Tips to remember while investing in gold
Lovaii Navlakhi of International Money Matters recommends that upto 5-7 percent of the portfolio should be invested in gold and the best way to do this is through the ETF route.
In an interview to CNBC-TV18, Lovaii Navlakhi, International Money Matters shared his views on what should retail investors do with gold now after government hiked import duty on gold to 10 percent to arrest the declining value of rupee and contain the fiscal deficit to 3.7 percent of the GDP. Below is the verbatim transcript of his interview on CNBC-TV18
Q: The government is coming down heavily on curbing the appetite for gold, what does this mean for the retail investor, what should he do with his investments? Should he branch out to gold, should he branch out of gold?

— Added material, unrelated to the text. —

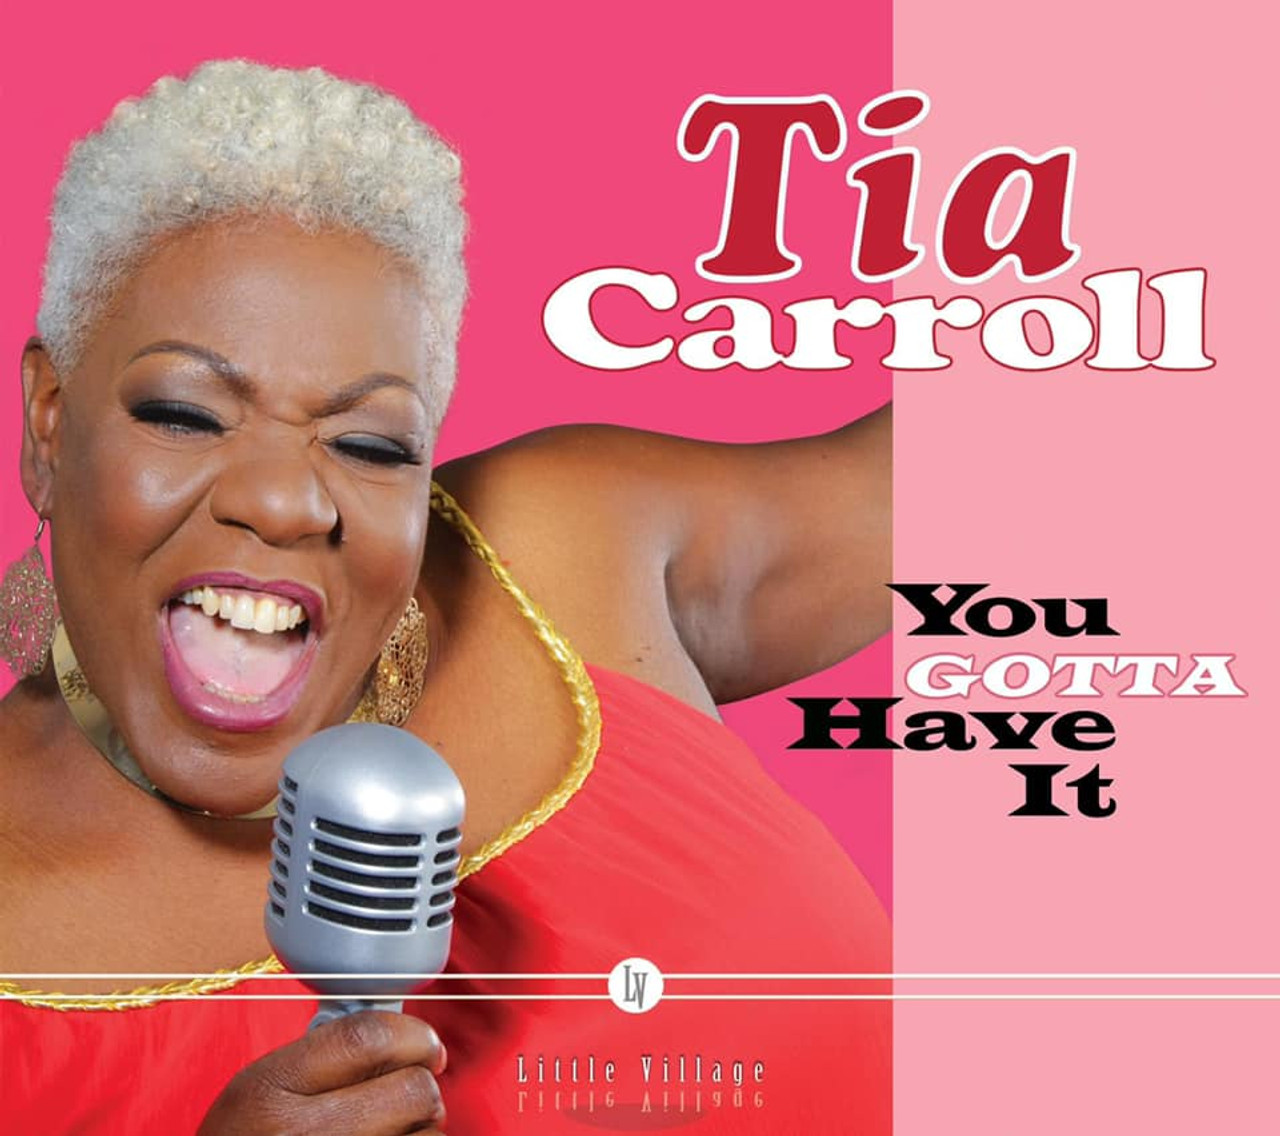 TIA CARROLL -  YOU GOTTA HAVE IT

A: Gold needs to be a part of every investor’s portfolio. We normally recommend that up to 5-7 percent of the portfolio should be invested in gold. During uncertain times you can enhance that allocation to 10-15 percent. Therefore, the best way to invest in gold is going through an exchange traded fund (ETF) route.
You need a Demat account, you can buy the units of gold based on number of grams and their rate. But the real issue is when people look at the past performance of any investment, any asset class and decide to put in bulk money. So anyone who has invested prior to April or early April this year will be staring at losses at this point in time.

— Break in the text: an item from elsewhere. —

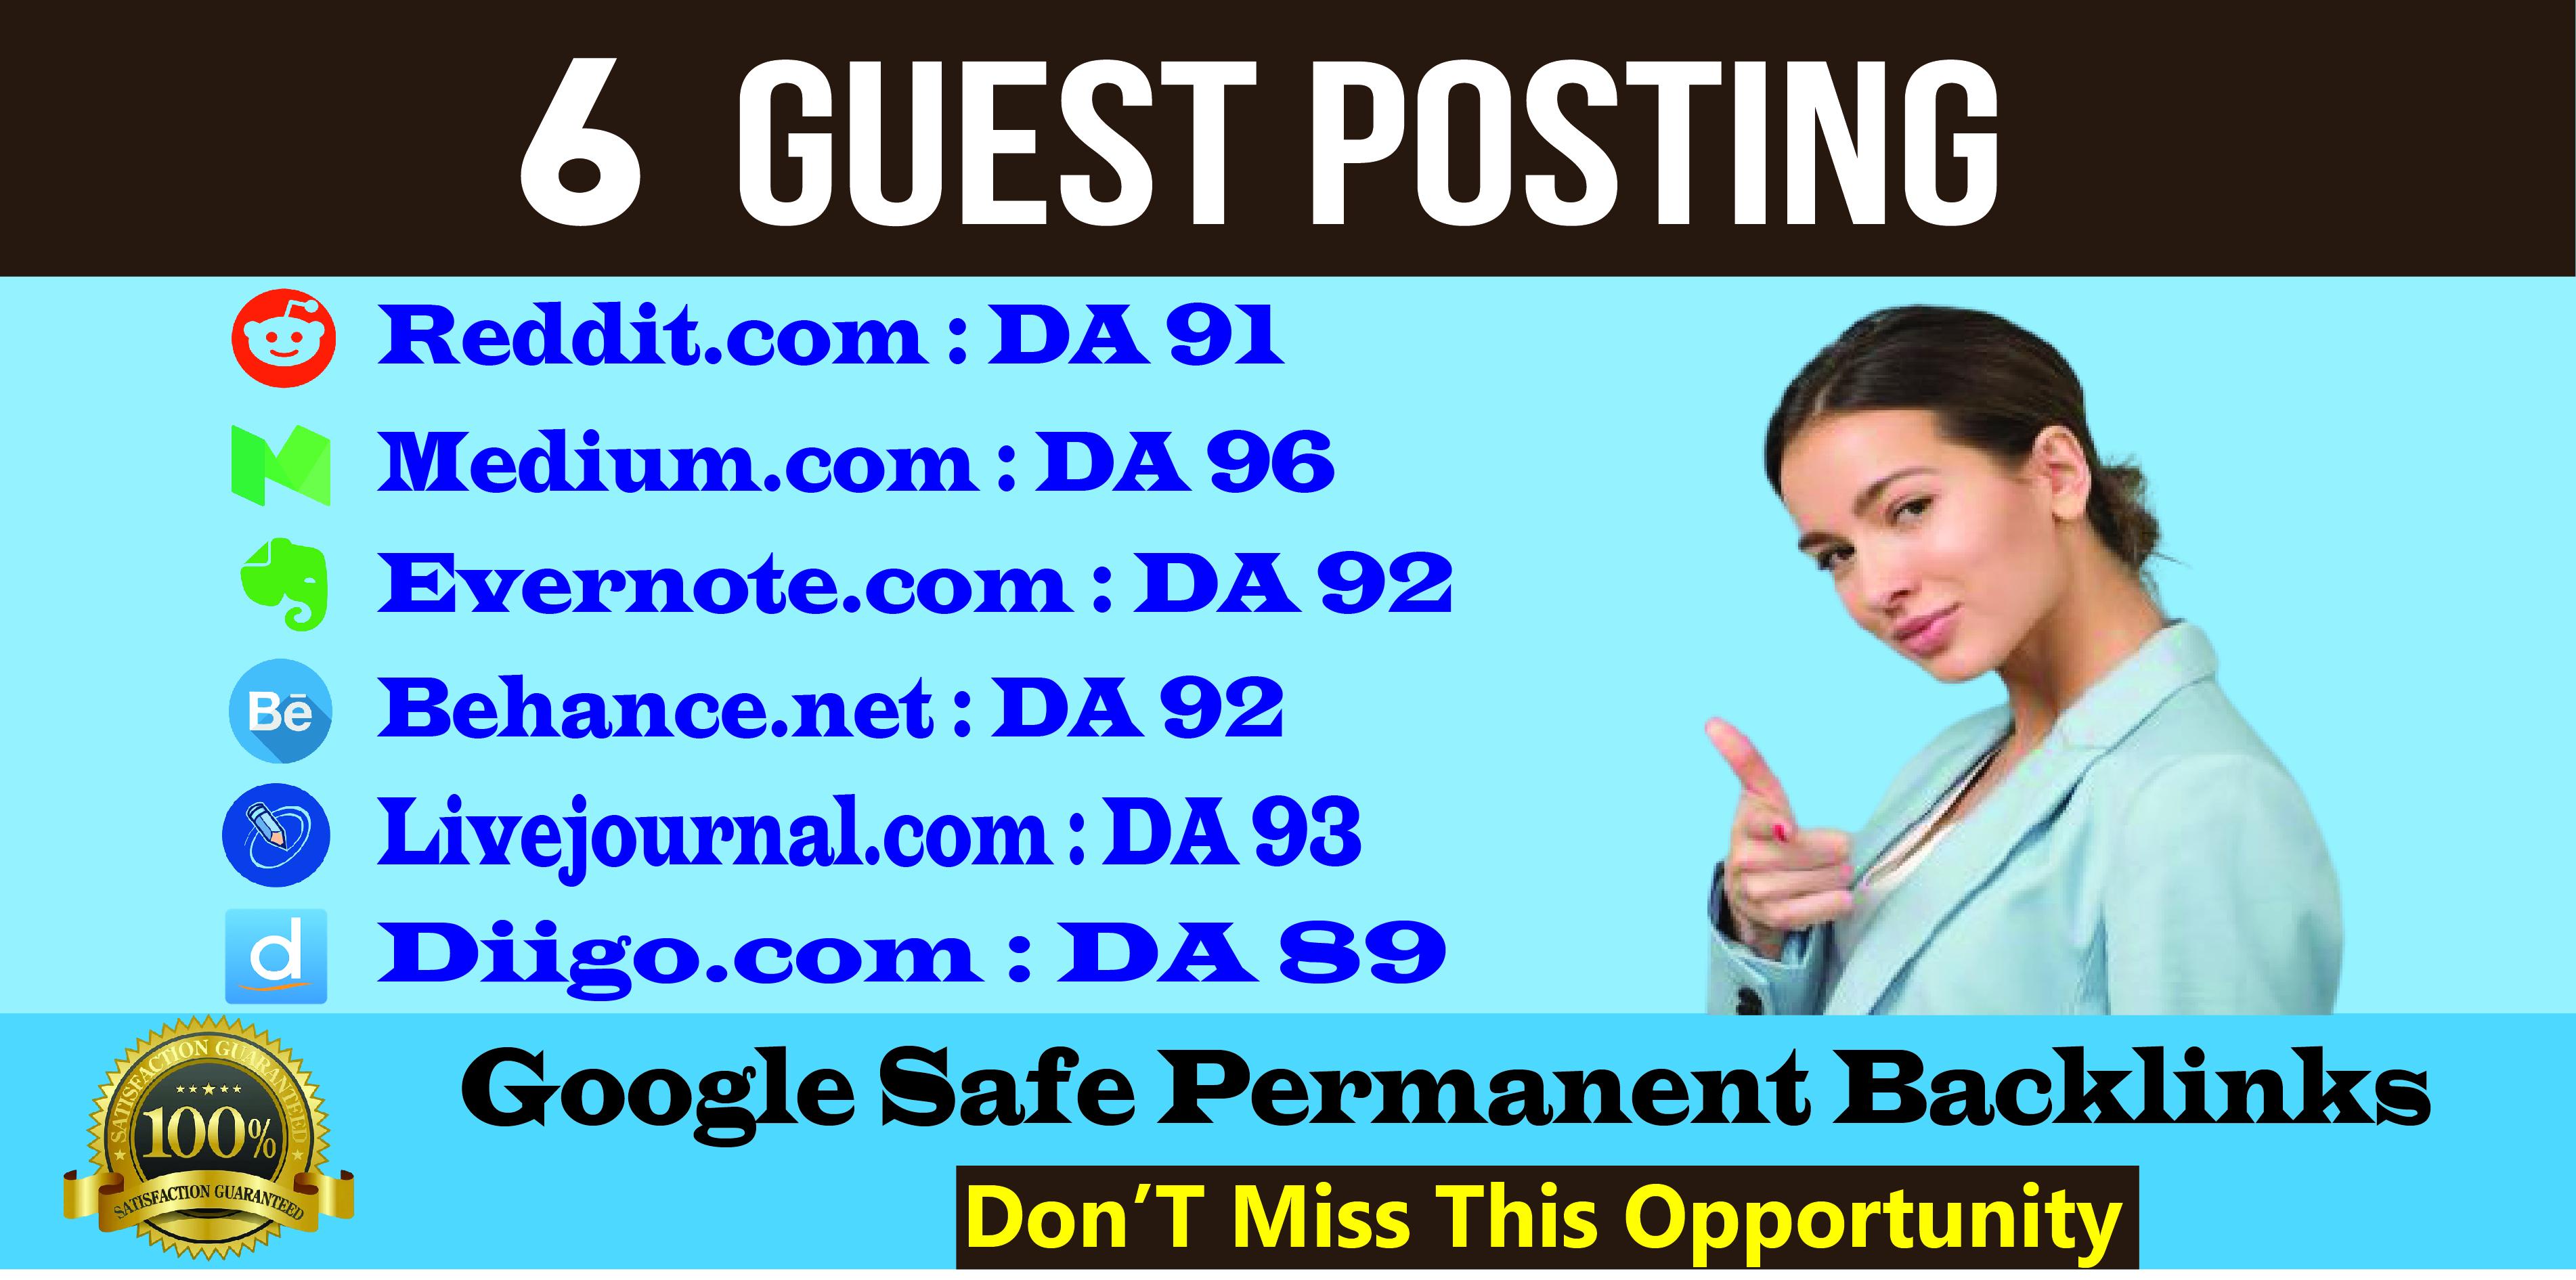 Build 6 SEO Backlinks Through High DA Guest Posts High Authority Link Building

You should look at strict asset allocation and if you have invested 5 percent in gold, the value of gold has gone up 20 percent so your allocation to gold has increased marginally. You take out the profits every three-six months and that way you will ensure that you are within the asset allocation.
For people who have put a large chunk of their money in gold, at this point in time the thought should be how do I reduce it from 20-25 percent of my portfolio to 10 percent? They should have three-six months’ time window and in a staggered manner they will gradually reduce this allocation to gold so that they are within the asset allocation norms. Very much like an SIP, how you invest gradually, divestment also could be done gradually.
Overall, gold is a hedge against inflation and if you are expecting growth to come back in markets globally then it may not be the asset class that will outperform but it still needs to be there as part of the asset allocation.
Q: My mutual funds portfolio consists of HDFC Top 20 , HDFC Equity Fund , DSP Small and Midcap and Reliance Vision Fund . Is this a profitable portfolio or should I make some changes?
A: He has invested a variety of funds, there are couple of large cap funds, a multi cap fund and a midcap fund. So he has created a decent portfolio. I am assuming they are equally allocated.
If one was to look at performance then Reliance Vision Fund has underperformed in the last five years. It has gone only by about 13-14 percent in the last five years whereas all the other three funds have gone up by about 50 percent. So, Reliance Vision Fund is something that he should consider exiting.
Among the three schemes, DSP Small & Midcap is a midcap scheme, whereas HDFC Top 200 and HDFC Equity are large cap oriented. In the last five years they have shown equal performance. But the difference is stark in the past one year as well as three years.
While large caps have done okay, they have been flat in the last three years or so, the CNX Midcap index has fallen by 7 percent per annum. So he has to keep in mind that midcaps would typically take a longer period to perform especially if you have entered there in bad times. But it doesn’t mean that he shouldn’t have an allocation to midcaps.
If I look at specific schemes in each of these three categories, there are better schemes available. So for an HDFC Top 200 may be he can replace with Birla SL Frontline Equity . With HDFC Equity he can replace ICICI Pru Dynamic Plan . He can replace DSP midcap with ICICI Discovery. It is important to look at exit loads and capital gains impact so he should keep that in mind before he does that. He should not take out and put all the money into new fund simultaneously. Best if he has a financial advisor and if he doesn’t have one he should get one.